Анна удивленно взглянула на младшую сестру. Она все поняла и вдруг сказала:
— У вас большая разница в возрасте. Двадцать два года!
— Мама тоже была совсем юной, когда вышла за папу, — с вызовом ответила Надежда. — Папа на двадцать три года старше мамы.
Анна поняла, что Надя размышляла на эту тему. Значит, все серьезно. Она посмотрела на младшую сестру так, словно впервые ее увидела:
— Так ты об этом думаешь…
— Ладно, надо папу кормить и убираться, — сказала Надя, как отрезала.
Она любила, чтобы в доме был образцовый порядок. Принялась за уборку. На шум выглянул заспанный Сталин. Увидел Надю с щеткой в руках.
— Что это тут творится? Что за кутерьма? А, это вы! Ну, сразу видно — настоящая хозяйка за дело взялась!
— А что! Разве плохо? — встала в оборонительную позу Надя.
— Нет! Очень хорошо! — добродушно сказал Сталин. — Наводите порядок, наводите… Покажите им всем…
Он не мог скрыть своей симпатии к младшей Аллилуевой.
— За вами уж два раза из Смольного присылали, — сообщила Надя.
— Что-нибудь рассказывали? — поинтересовался Сталин. — Как там дела, не говорили?
— Нет, просто просили передать, что товарищи вас ждут.
— Думаете, пора? — задумчиво переспросил Сталин. — Не люблю торопиться. Надо уметь ждать.
Он зашел на кухню, Анна налила ему чаю и вдруг сказала:
— Имейте в виду: Надя — в папу, а он по характеру горд, строптив и непокорен.
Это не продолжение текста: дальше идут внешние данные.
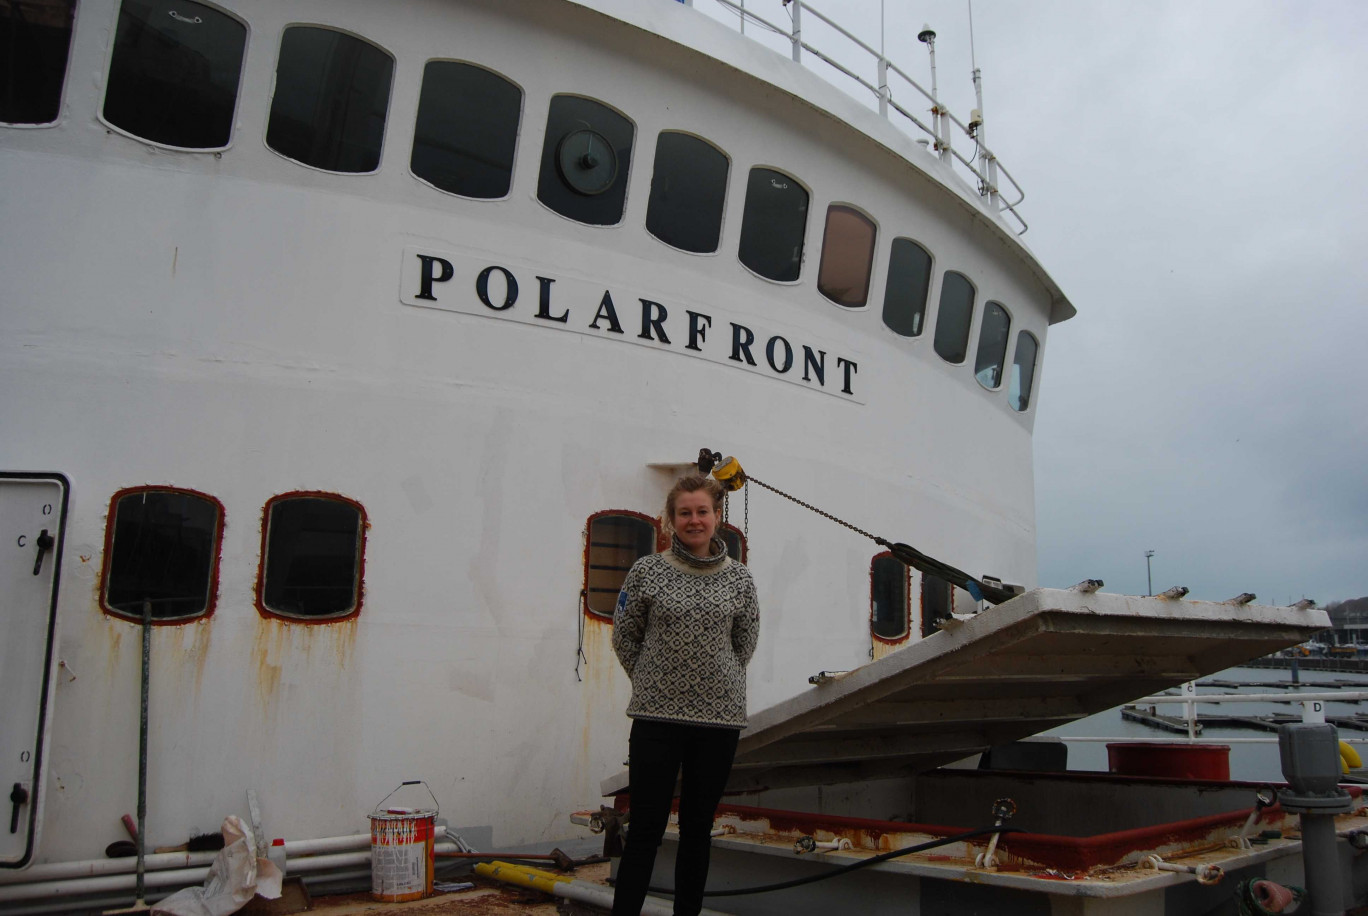 L’armatrice Sophie Galvagnon surveille le chantier au port de Boulogne jusqu’au printemps 2018.

Сталин не успел ответить. Вошел Сергей Яковлевич. Поинтересовался у Сталина:
— Хотел спросить, а что Чхеидзе, где он?
— Сложил полномочия вместе со всем президиумом Петроградского совета. Пост председателя Петросовета перешел к Троцкому. А Чхеидзе уехал в Грузию. У него нет будущего, — презрительно ответил Сталин.
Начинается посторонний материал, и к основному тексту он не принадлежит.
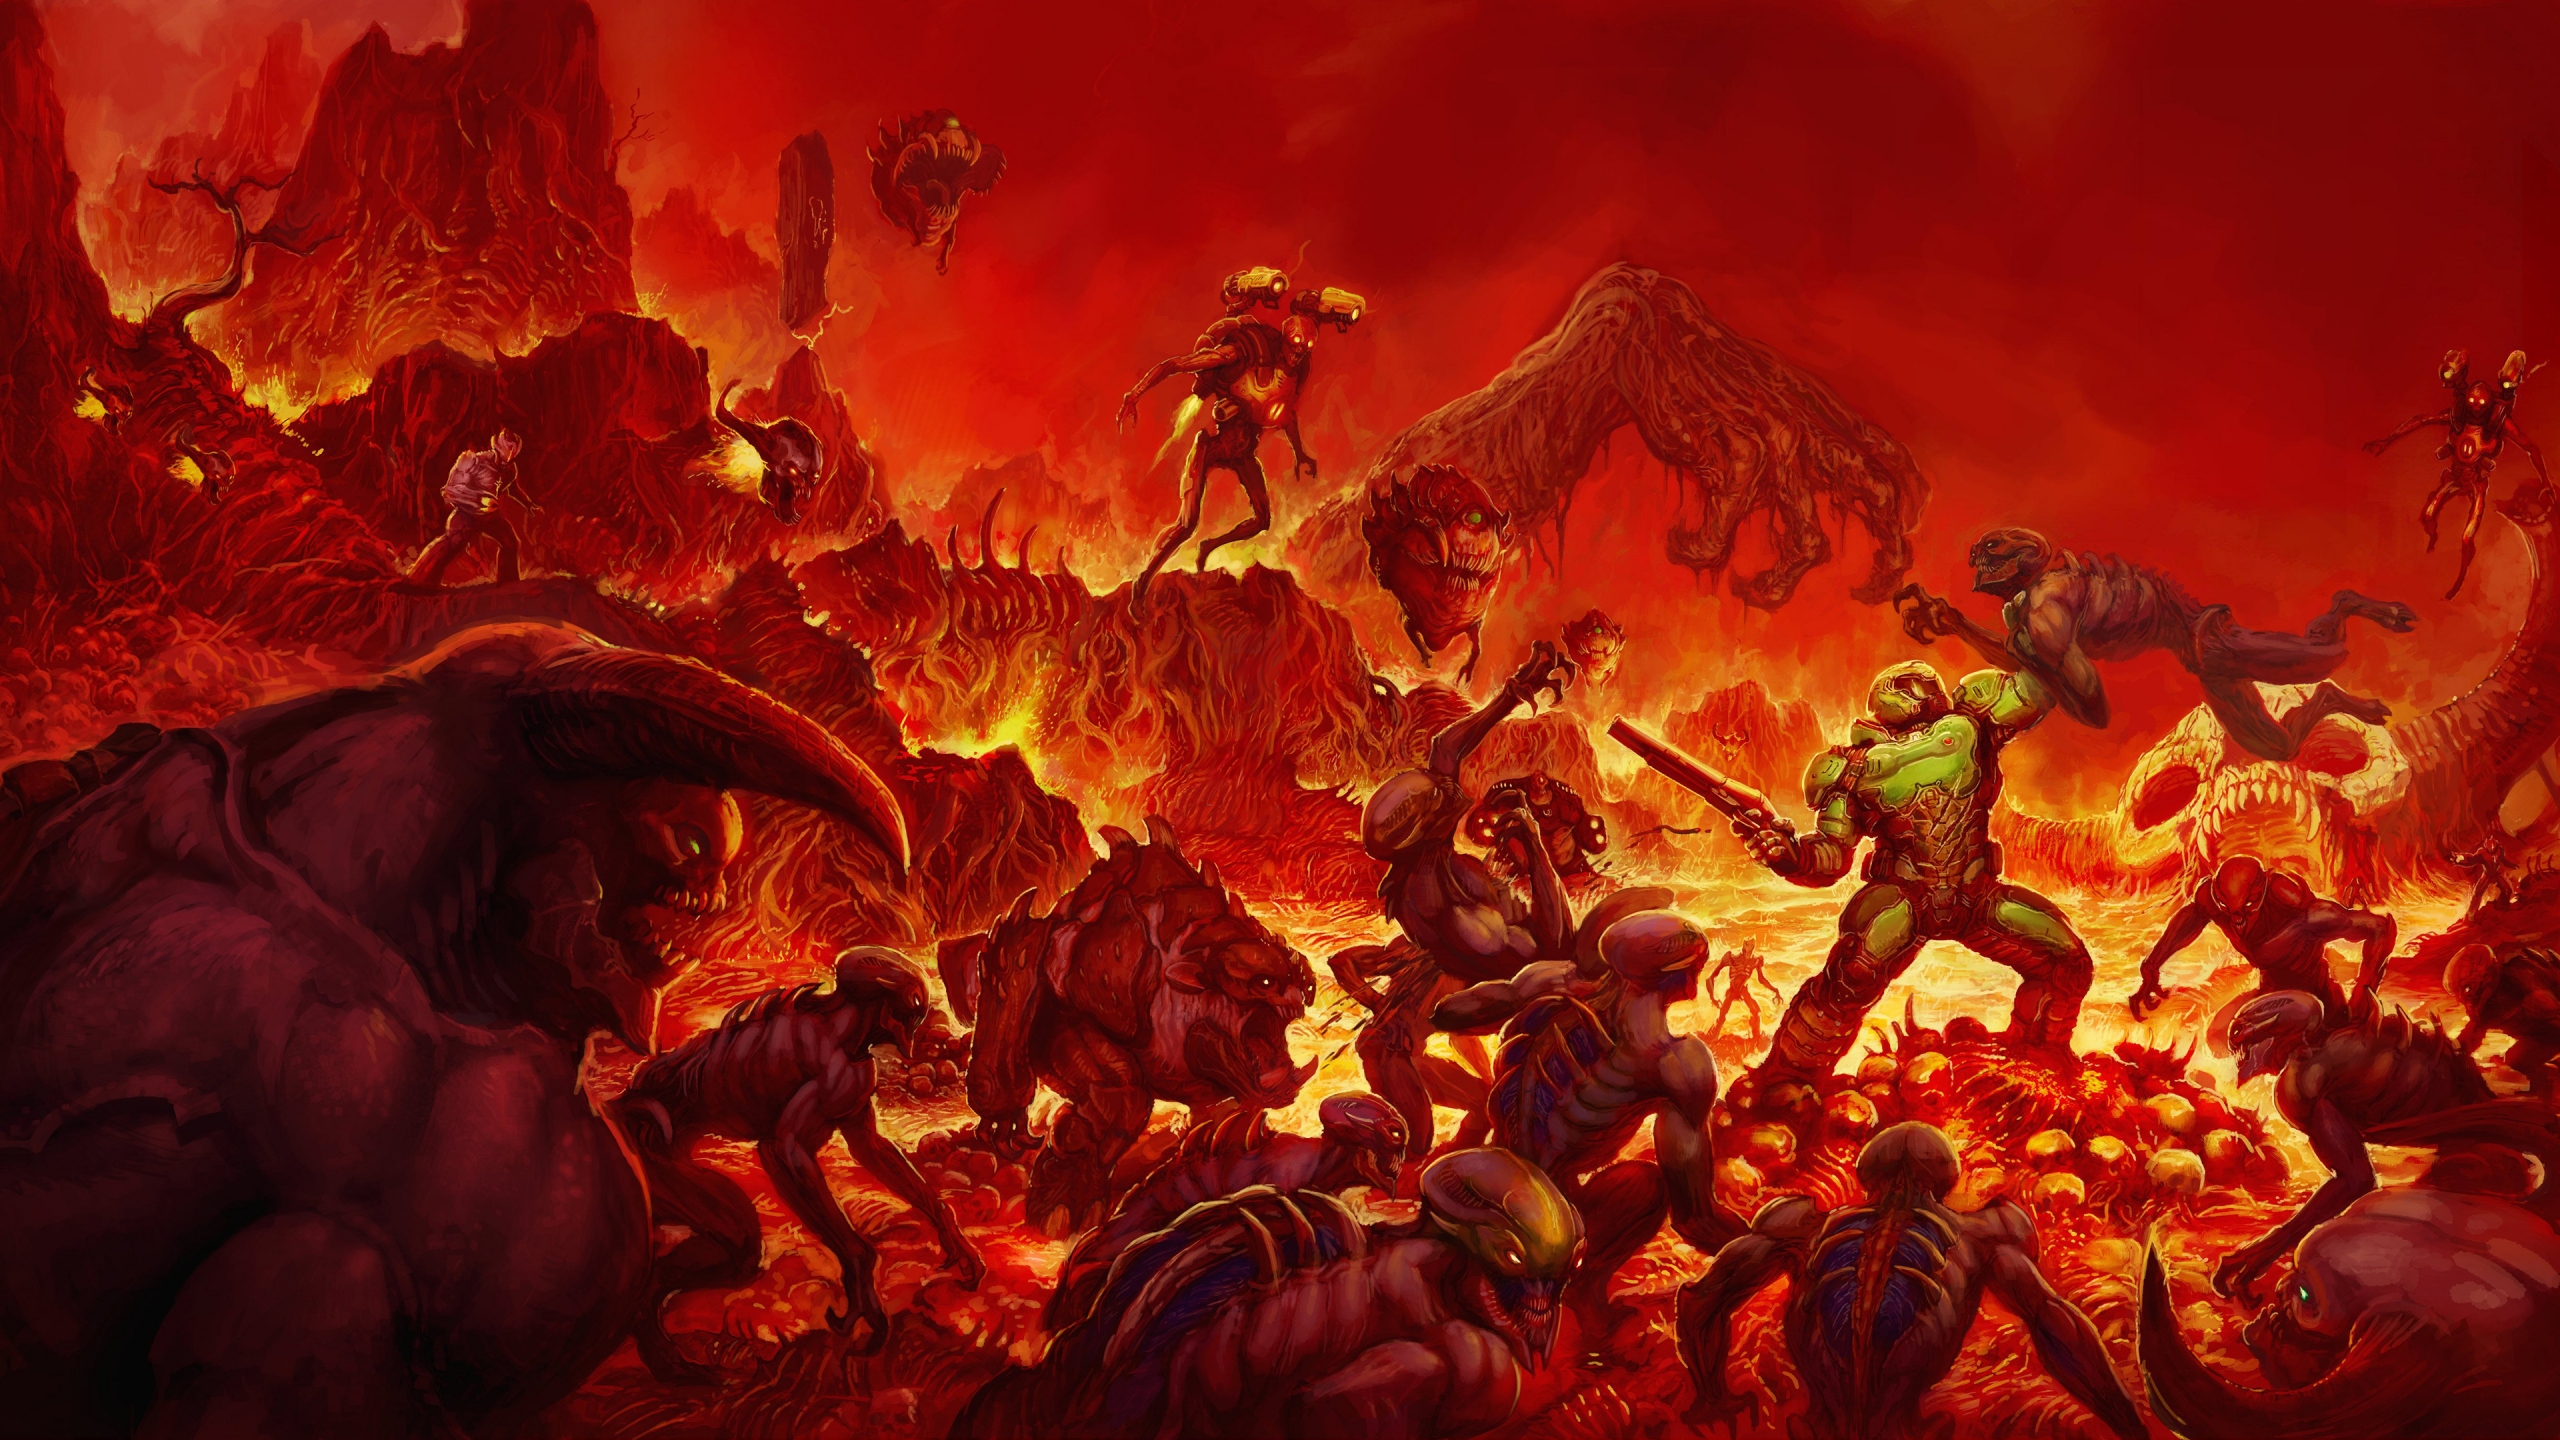 Doom 2016 Doom Slayer Video Games Hell Video Game Art 2560x1440

— А ведь одно время его воспринимали как президента будущей Российской республики, — не без иронии вспомнил Сергей Аллилуев. — Он уже и вел себя соответственно.
— Мне рассказывали, как назначенный министром иностранных дел Милюков позвал товарищей по кадетской партии в свои министерские апартаменты! — со злой усмешкой произнес Сталин. — Хвастался. Шелк, золото, лакеи. И кто он теперь? Никто! Дилетанты! Ночью поделили должности и думали, что вечно будут на вершине. Не понимают, что борьба за власть не прекращается ни на минуту. И желающие отнять должность толпятся у тебя за спиной.
Сталин закончил завтрак и потянулся за трубкой.
— Я хотел спросить, — неуверенно начал Аллилуев. — Конечно, с февраля численность нашей партии выросла в десять раз. Но нас все равно только лишь двести сорок тысяч. Не маловато ли для реального влияния на огромную страну? За нас рабочие и солдаты, но страна-то крестьянская. Дойдет дело до выборов в Учредительное собрание, крестьяне за эсеров проголосуют, это их партия.
— Ты правильно отметил, Сергей, — ответил Сталин. — За нас рабочие и солдаты. Это главное. У них реальная сила. С ними мы выкинем Временное правительство, всех этих болтунов. Возьмем власть. И уже никому ее не отдадим.
Он посмотрел на часы:
— Наверное, мне пора.
Вновь обратился к Аллилуеву:
— Судьба страны, Сергей, решается не на выборах. И не на митингах. Мы шестой съезд партии провели в полулегальной обстановке. Протокола даже не вели — на случай если полиция нагрянет. Без Ленина, без Зиновьева. Записных ораторов не было. Главный доклад мне поручили. И все нужные решения приняли. Пугали нас: как без Ленина? Справились. Партия под нашим руководством только крепче стала.
Он стал не спеша одеваться. Ольга Аллилуева отгладила ему недавно купленный костюм.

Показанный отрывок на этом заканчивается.